[Material provided]
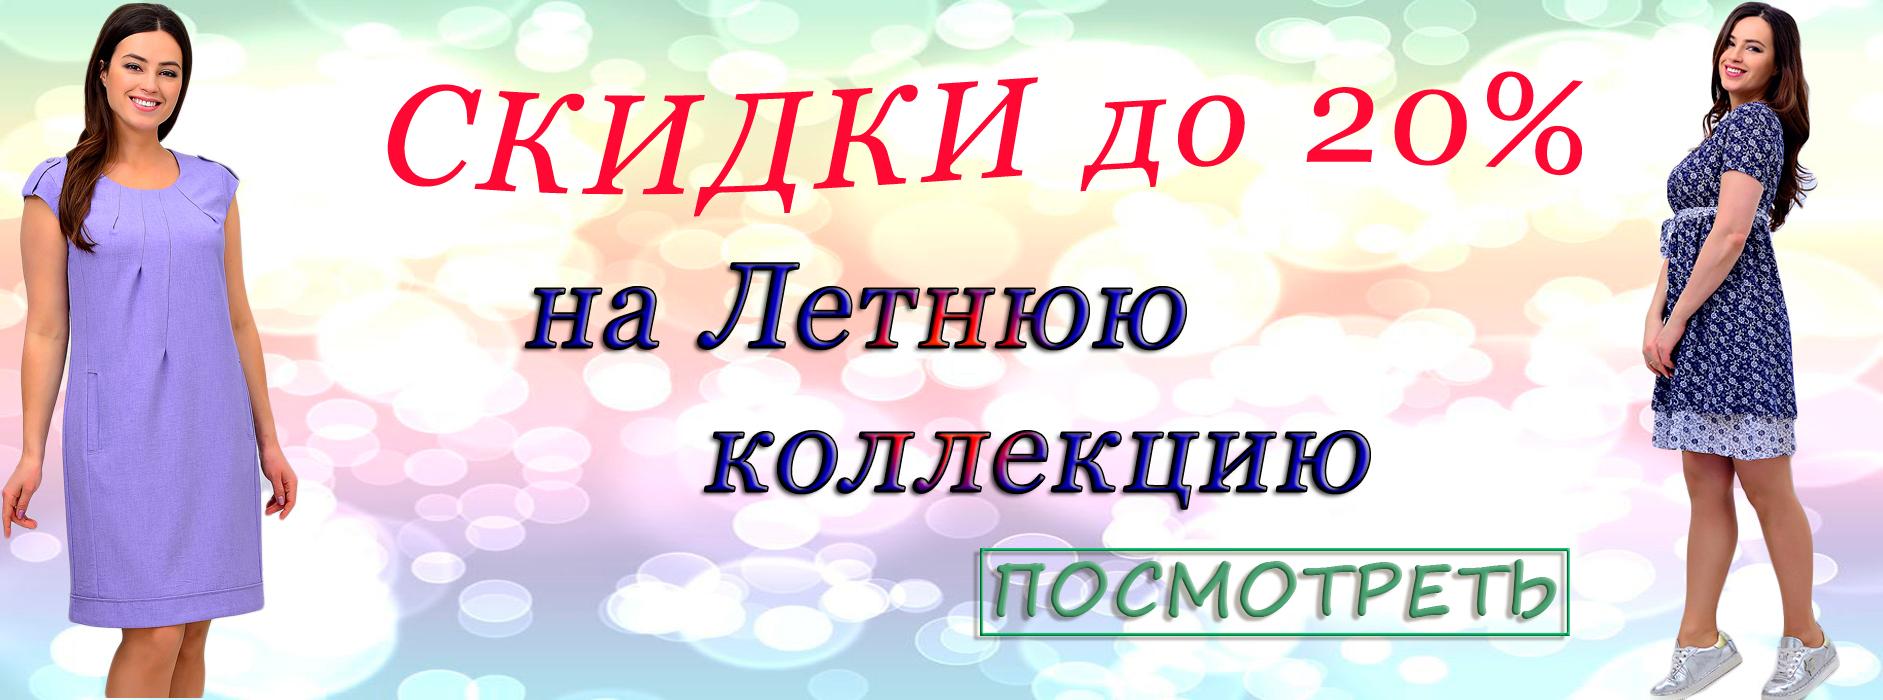 Летняя коллекция 2019 скидка 20%
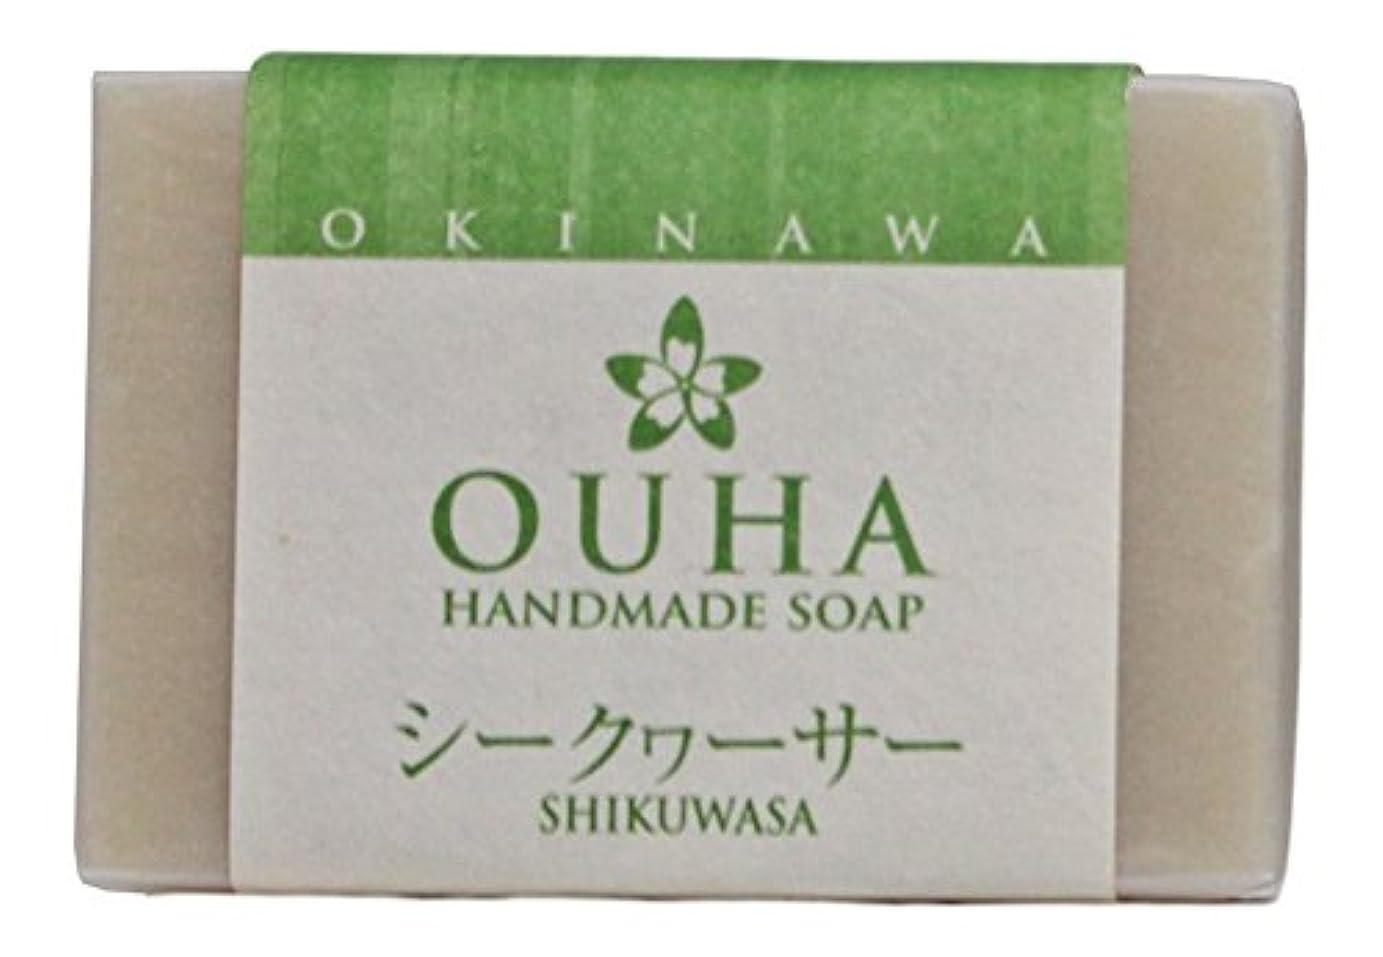 塩辛い意義正しく沖縄手作り洗顔せっけん OUHAソープ シークヮーサー 47g
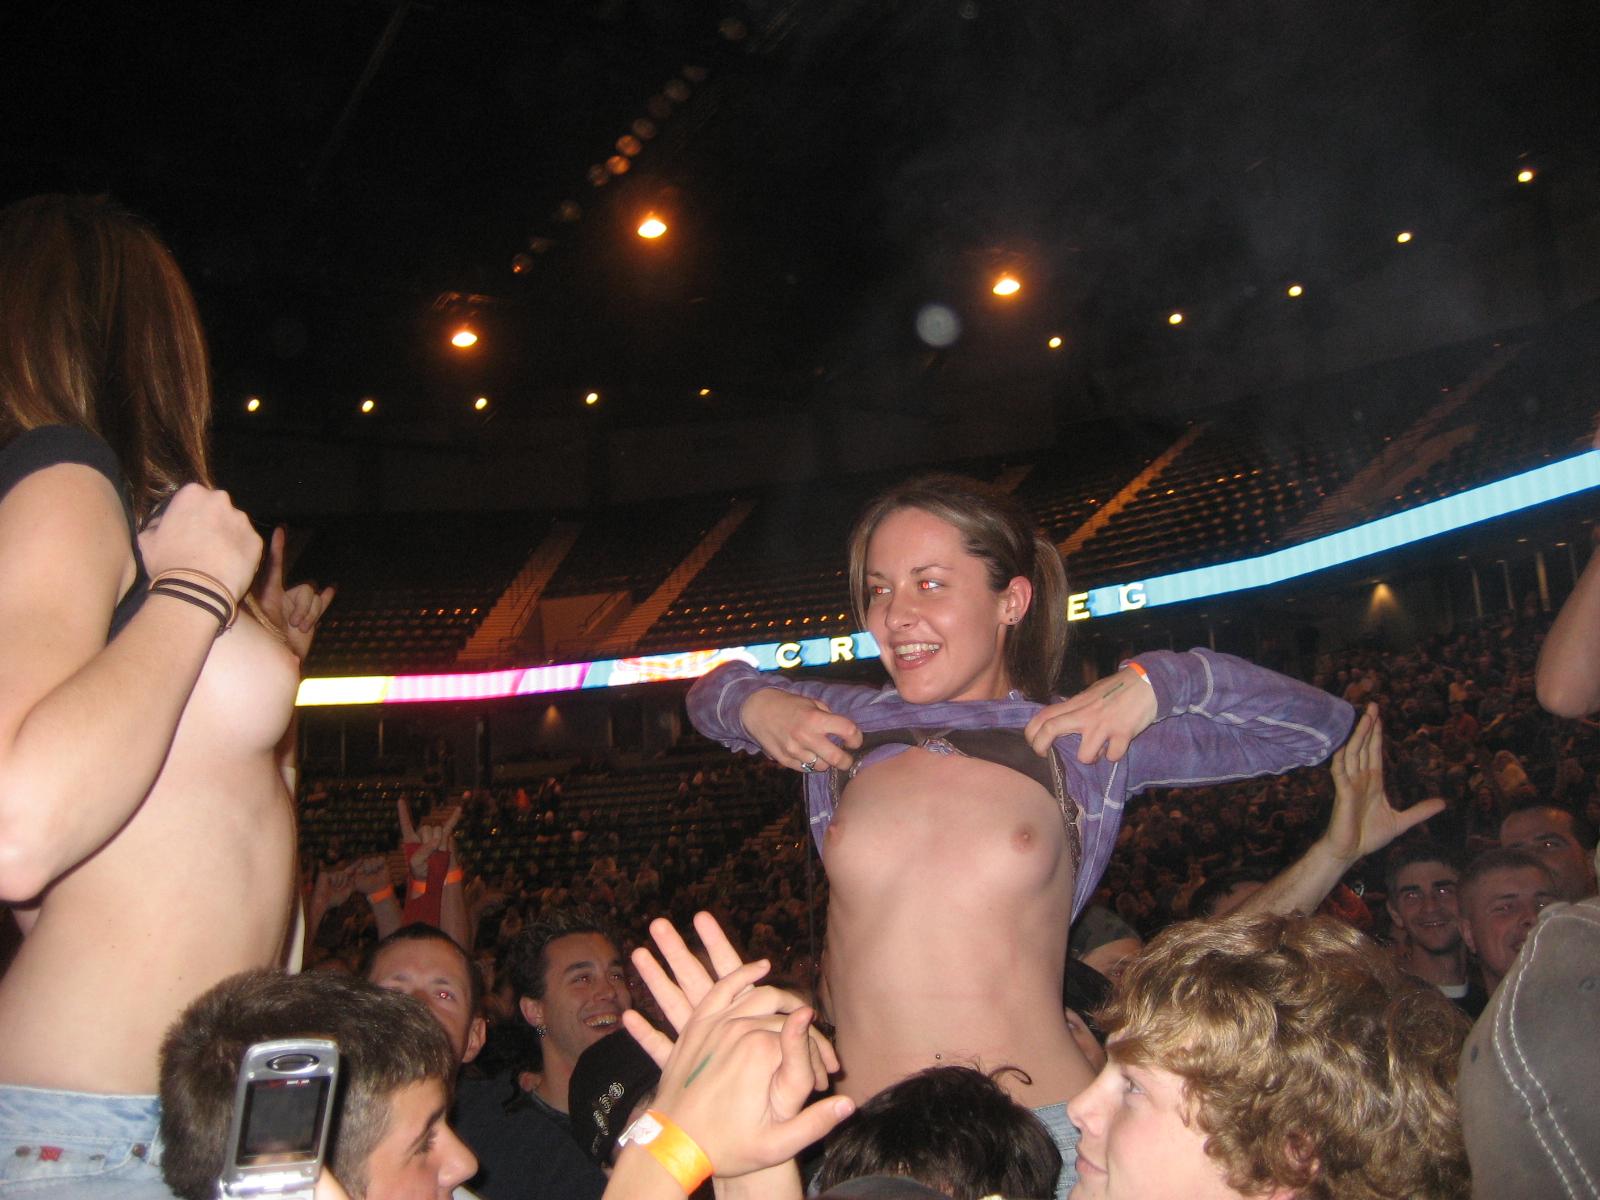 Concert Flashing Boob 90

[Exercise prompt] Copy the entire listing exactly but skip the pictures.

[Task output]
 Летняя коллекция 2019 скидка 20%
 塩辛い意義正しく沖縄手作り洗顔せっけん OUHAソープ シークヮーサー 47g
 Concert Flashing Boob 90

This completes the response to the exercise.